# Thermal paste vs.silicone compound ?



## Carlos_3 (Nov 27, 2005)

Hi all, I'm new to the gaming and upgrading world.  I'm going to up grade my video card from a raedon 9800 pro to a radeon 850xt.  I'm geting ready to also put an arctic cooling system on it for the heat.  What I'm confused about is that I have read posts before about putting thermal paste on your heat sink before I put the fan on.  Well I forgot to order it with my card and fan, decided to see if Radio shack had any and they suggested that I use their heat sink compound, which is silicone based.  Is there a difference in the two, can I use it without hurting my card and fan.............any thoughts and suggestions whether to use it or not?

Thanks in advance,

Carlos_3


----------



## Flashnc (Nov 27, 2005)

the arctic cooling you have orderd will have some with it.

it would be preferable to use AS5 or ASceramic, but the stuff that you will recieve with your card is going to be better than the stuff from radio shack...also...if you have a "compusa" near, you can get AS5 there.

be carefull, only use enough to spread a very thin layer on the gpu.

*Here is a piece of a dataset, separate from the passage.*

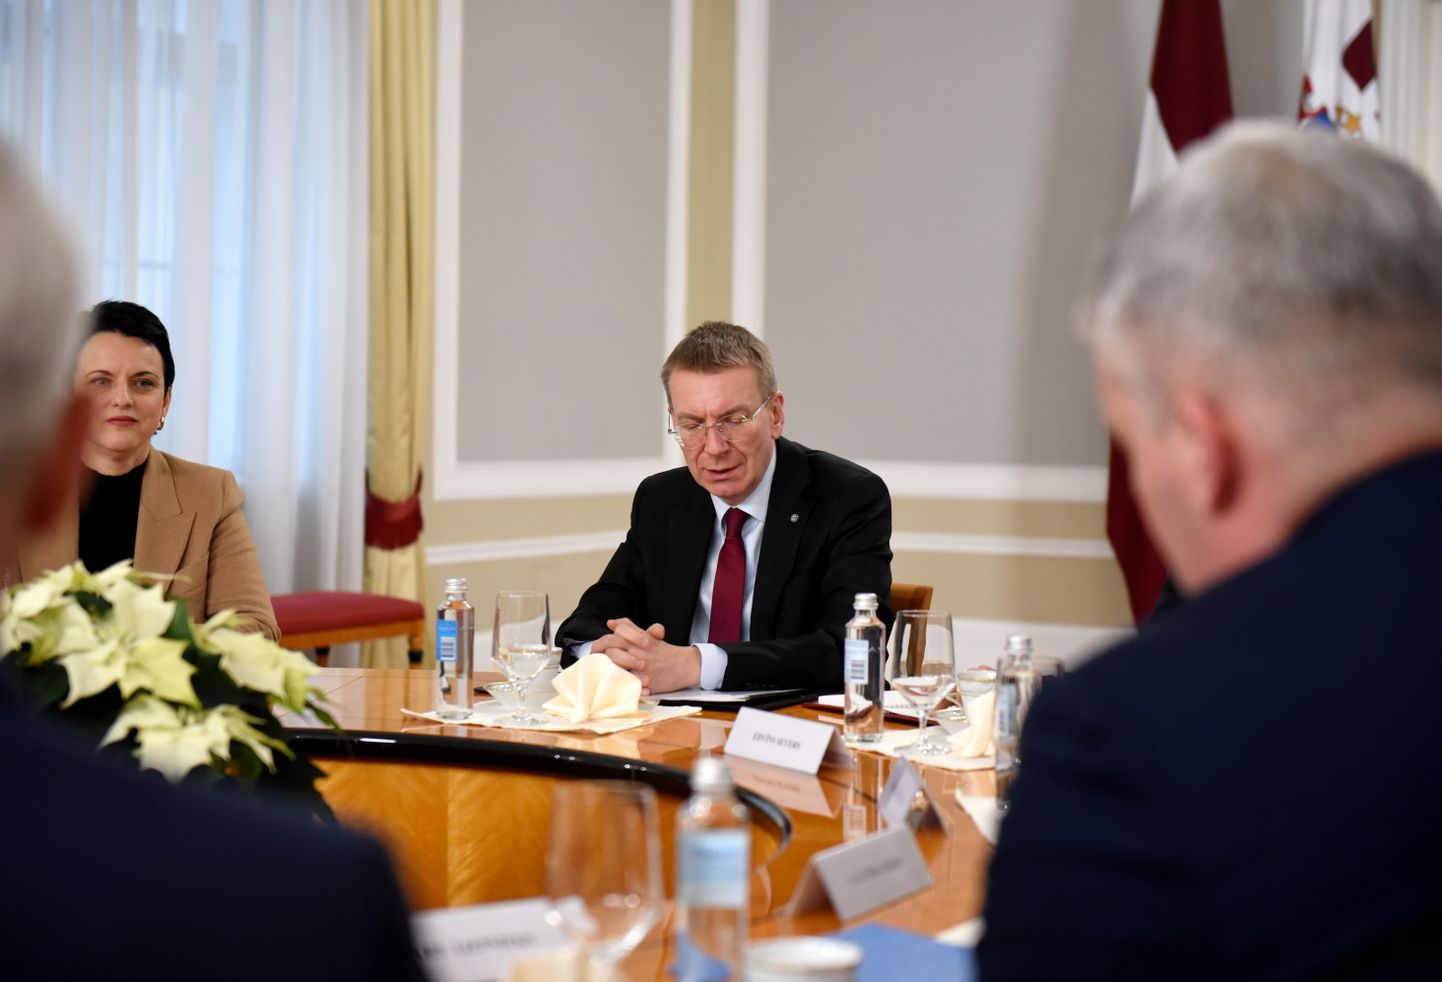 Valsts prezidenta kancelejas vadītāja Gunda Reire un Valsts prezidents Edgars Rinkēvičs tikšanās laikā ar Valsts augstākajām amatpersonām Rīgas pilī.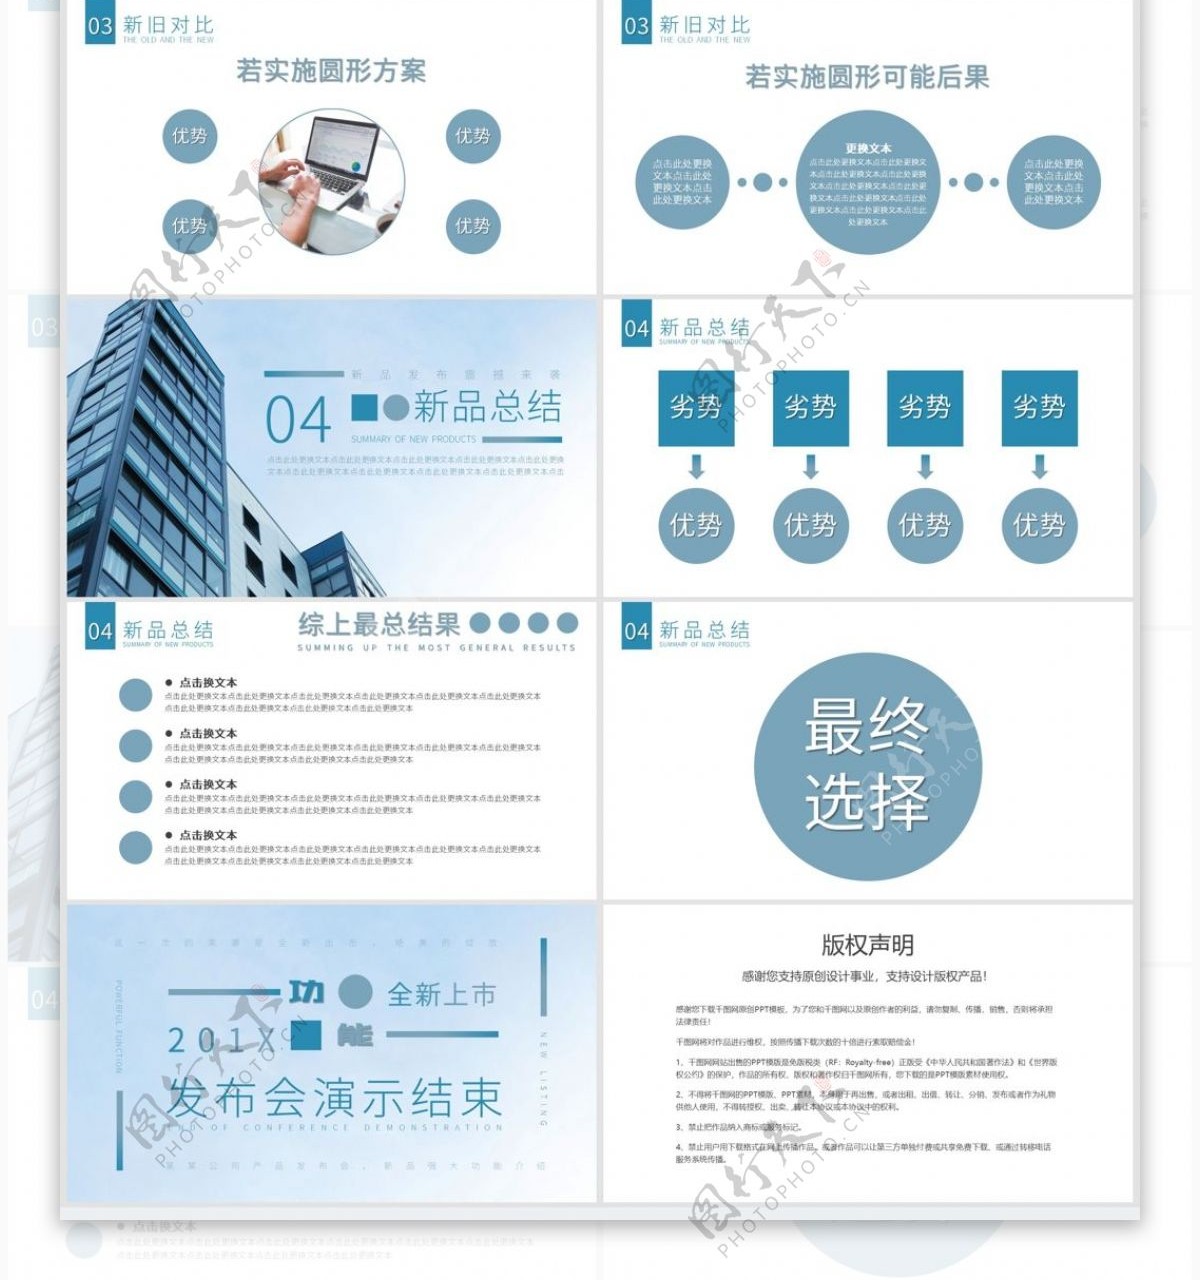 蓝色系企业新产品发布PPT模板

also make sure that your artic cooling "fan" sits evenly and not touching anything at all on the board but the gpu itself

             Flash


----------



## M. Mellough (Nov 28, 2005)

If you can't find AS5 you can use Antec Formula 5 silver compound which is identical to AS5. It sells for the same price so you won't save anything but in my experience the Antec compound is easier to find at retail stores; those who sell Antec components (which are relatively common) will usually also have the compound in stock. Antec products can be found at many electronics supplies stores (real ones not Radio Shack) as well as computer stores.


----------



## Aevum (Nov 28, 2005)

becuase of the on chip resistors and solder points, you might want to use artic ceramic insted of artic silver, artic silver tends to conduct under pressure and heat (guess what a x850XT with a heatsink screwed to it generates)

with artic ceramic you only give up a little bit (1-1.5 degrees differenace) and you have a non conductive paste


----------



## Christer (Dec 2, 2005)

OCZ silver.....lowered my CPU temp by 10degC compared to what came with the Vapochill....:d


----------